Note : We did try to index 20 million documents on our POC cluster and it took about 23-24 hours to do that which is pushing us to take time and design the production cluster with proper sizing and settings.
Now we are trying to implement a production cluster (in Google Cloud Platform) with emphasis on both indexing speed and search speed.
Our use case is as follows :
We will bulk index 7 million to 20 million documents per index ( we have 1 index for each client and there will be only one cluster). This bulk index is a weekly process i.e. we'll index all data once and will query it for whole week before refreshing it.We are aiming for a 0.5 million document per second indexing throughput.
We are also looking for a strategy to horizontally scale when we add more clients. I have mentioned the strategy in subsequent sections.

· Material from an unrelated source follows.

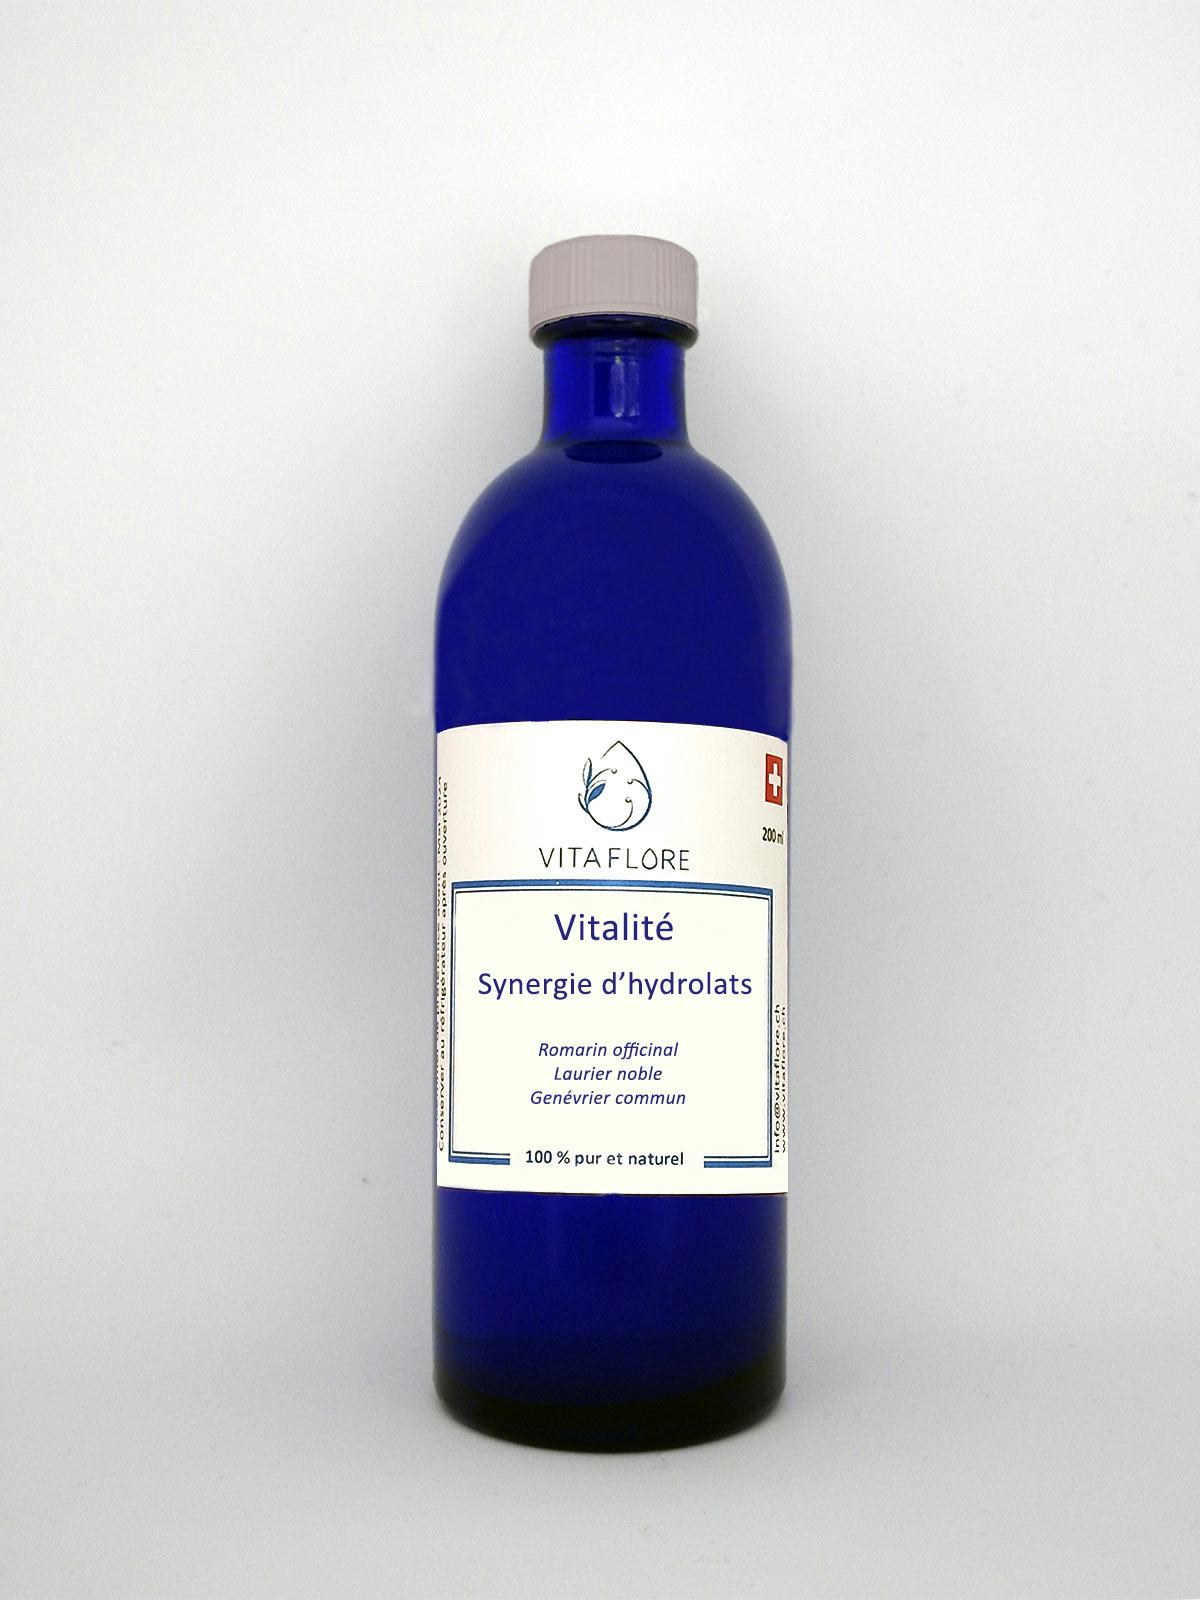 Synergie d’hydrolats – Vitalité, prodotto artigianale per la vendita diretta in Svizzera
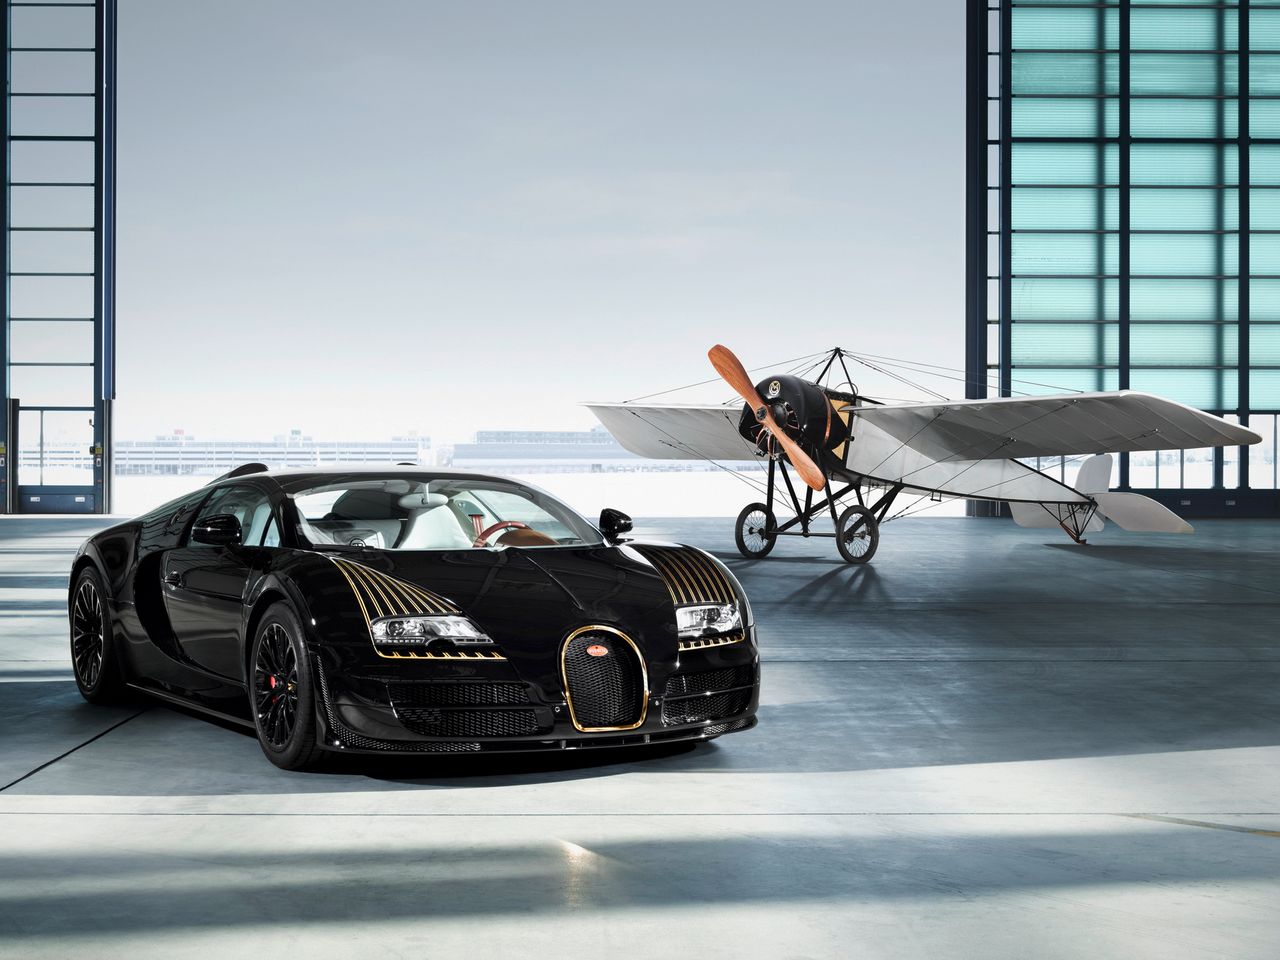 W okresie 2013-2014 Bugatti przygotował kilka specjalnych samochodów z serii Les Légendes de Bugatti. Uczciły one pamięć legend najważniejszych w historii marki.

Our data model has nested document structure and lot of queries on nested documents which according to me are CPU, Memory and IO intensive. We are aiming for sub second query times for 95th percentile of queries.
I have done quite a bit of reading around this forum and other blogs where companies have high performing Elasticsearch clusters running successfully.
Following are my learnings :
Have dedicated master nodes (always odd number to avoid split-brain). These machines can be medium sized ( 16 vCores and 60 Gigs ram) .
Give 50% of RAM to ES Heap with an exception of not exceeding heap size above 31 GB to avoid 32 bit pointers. We are planning to set it to 28GB on each node.
Data nodes are the workhorses of the cluster hence have to be high on CPUs, RAM and IO. We are planning to have (64 VCores, 240 Gb RAM and 6 * 375 GB SSDs).
Have co-ordination nodes as well to take bulk index and search requests.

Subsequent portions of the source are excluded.